Burada akla şöyle bir soru gelebilir: Cenâb-ı Hak kâfirleri, ehl-i dalâleti de nimetlendirmektedir. Oysa inayetin celbine sebep hiçbir vasıf bunlarda yoktur. O halde bunun sebebi nedir? Akla gelen bu sorunun cevabını iki noktada değerlendirmek mümkündür. Birincisi, Allah’ın, Rahman isminin bir gereği olarak, mü’min, kâfir ayırt etmeden, bu dünyada yarattığı mahlûku nimetlendirmek, himayet etmek ve korumak anlamlarında inayet etmektedir. Rahmet sahibi bir zatın fiilleri böyledir. Bir diğer ciheti ise, Cenâb-ı Hakk’ın nimetlendirmesi her zaman inayet anlamında değerlendirilmez. Bazen gazab-ı İlâhînin bir tecellisi olarak da nimetlerini hesapsız arttırır. Gideceği ebedî cehennemde hiçbir hakkının kalmaması için, ahiretine nazaran bu dünyasını cennetleştirebilir. Ayrıca Allah’ın nimetlendirmesi, bazen onların küfrünün artmasına bir vesiledir.

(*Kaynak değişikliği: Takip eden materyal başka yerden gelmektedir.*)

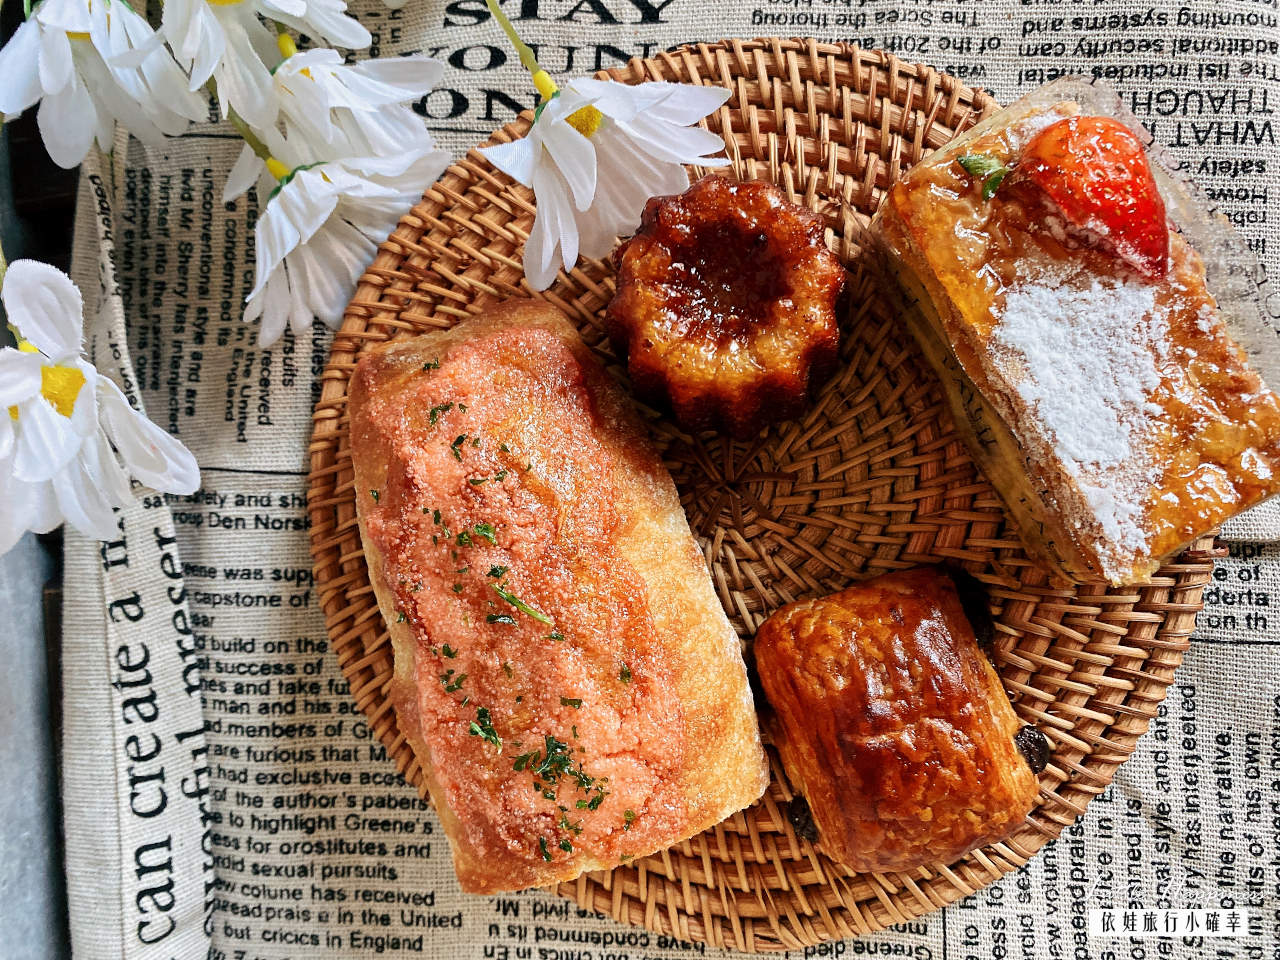 PAUL法國麵包甜點沙龍推出餐盒，很適合企業下午茶、貴賓會議點心、記者會伴手禮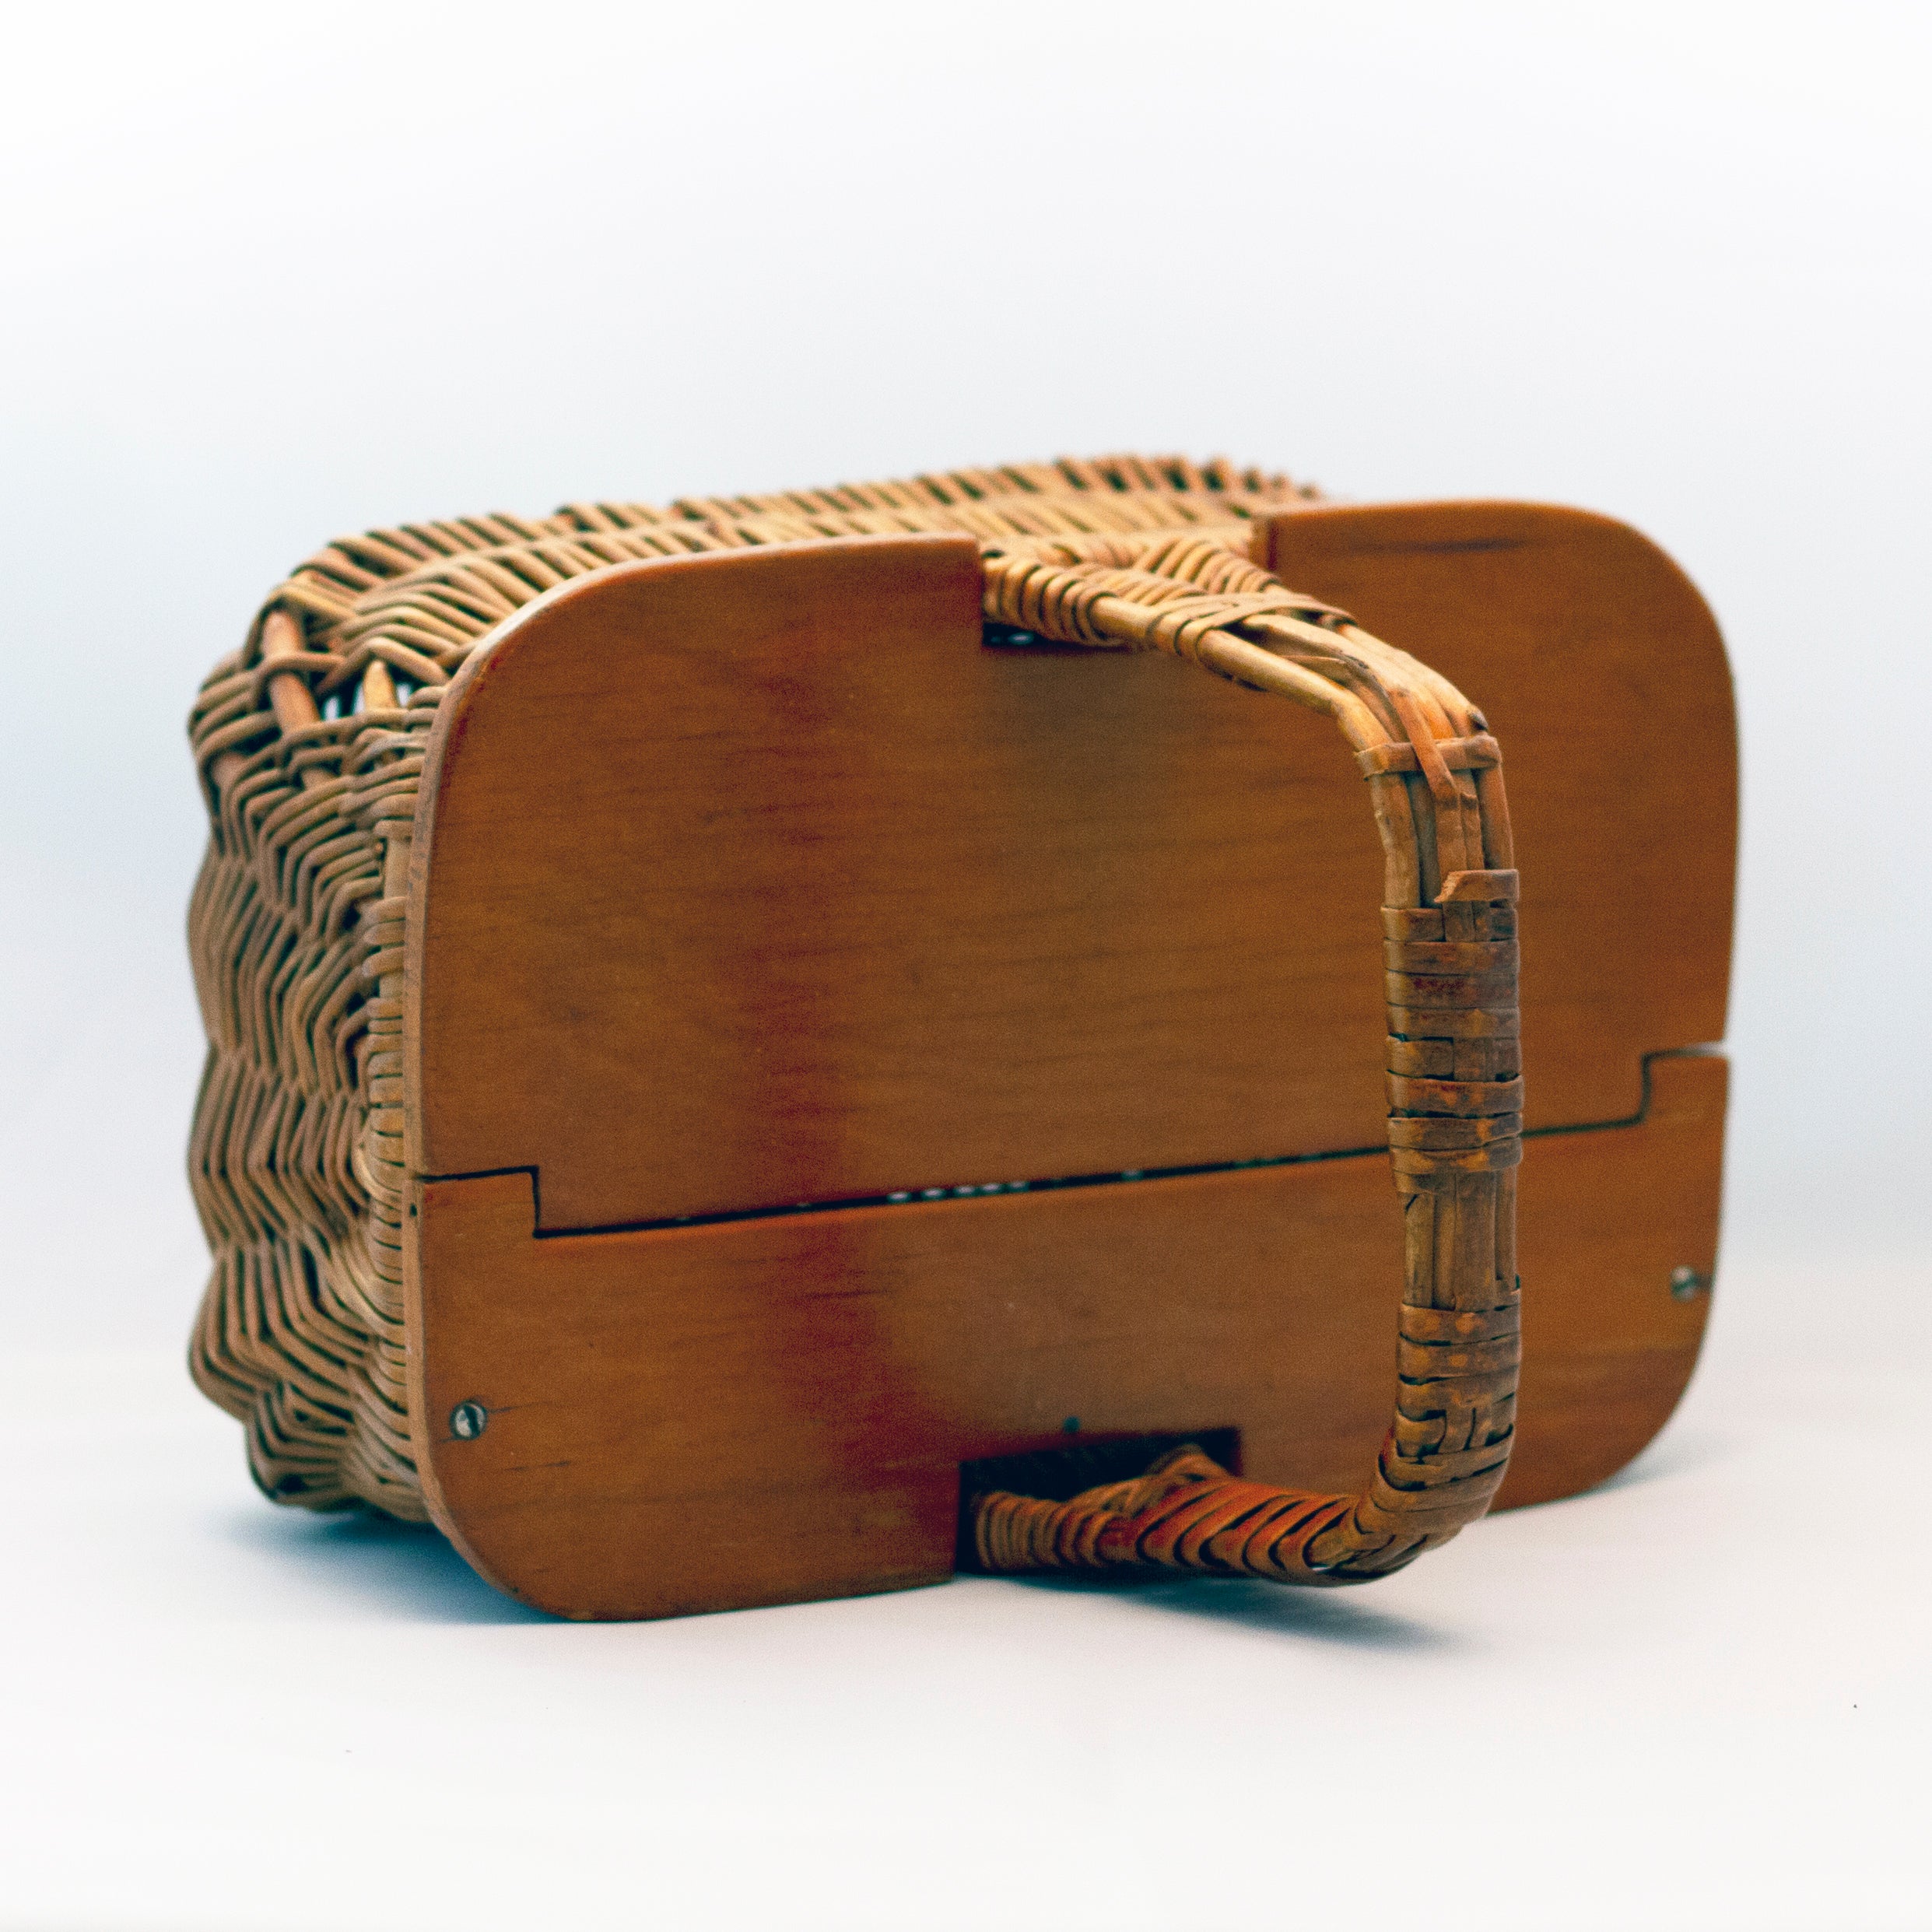 File:Vintage 1960's Handbag Wood Purse Collapsible Bag -  VirginVintage2012.jpg - Wikimedia Commons

Hâsılı, inayet-i İlâhiyenin celbine bir diğer sebep, her muvaffakiyetin Cenâb-ı Hakk’ın lütfu, ihsanı, bereketi ile olduğuna itikat etmek, bu tarz düşünce ile şirkten kurtulmak, vehimlerden uzak olmak inayet-i İlâhiyenin hem tecelli etmiş halidir, hem celbine sebeptir.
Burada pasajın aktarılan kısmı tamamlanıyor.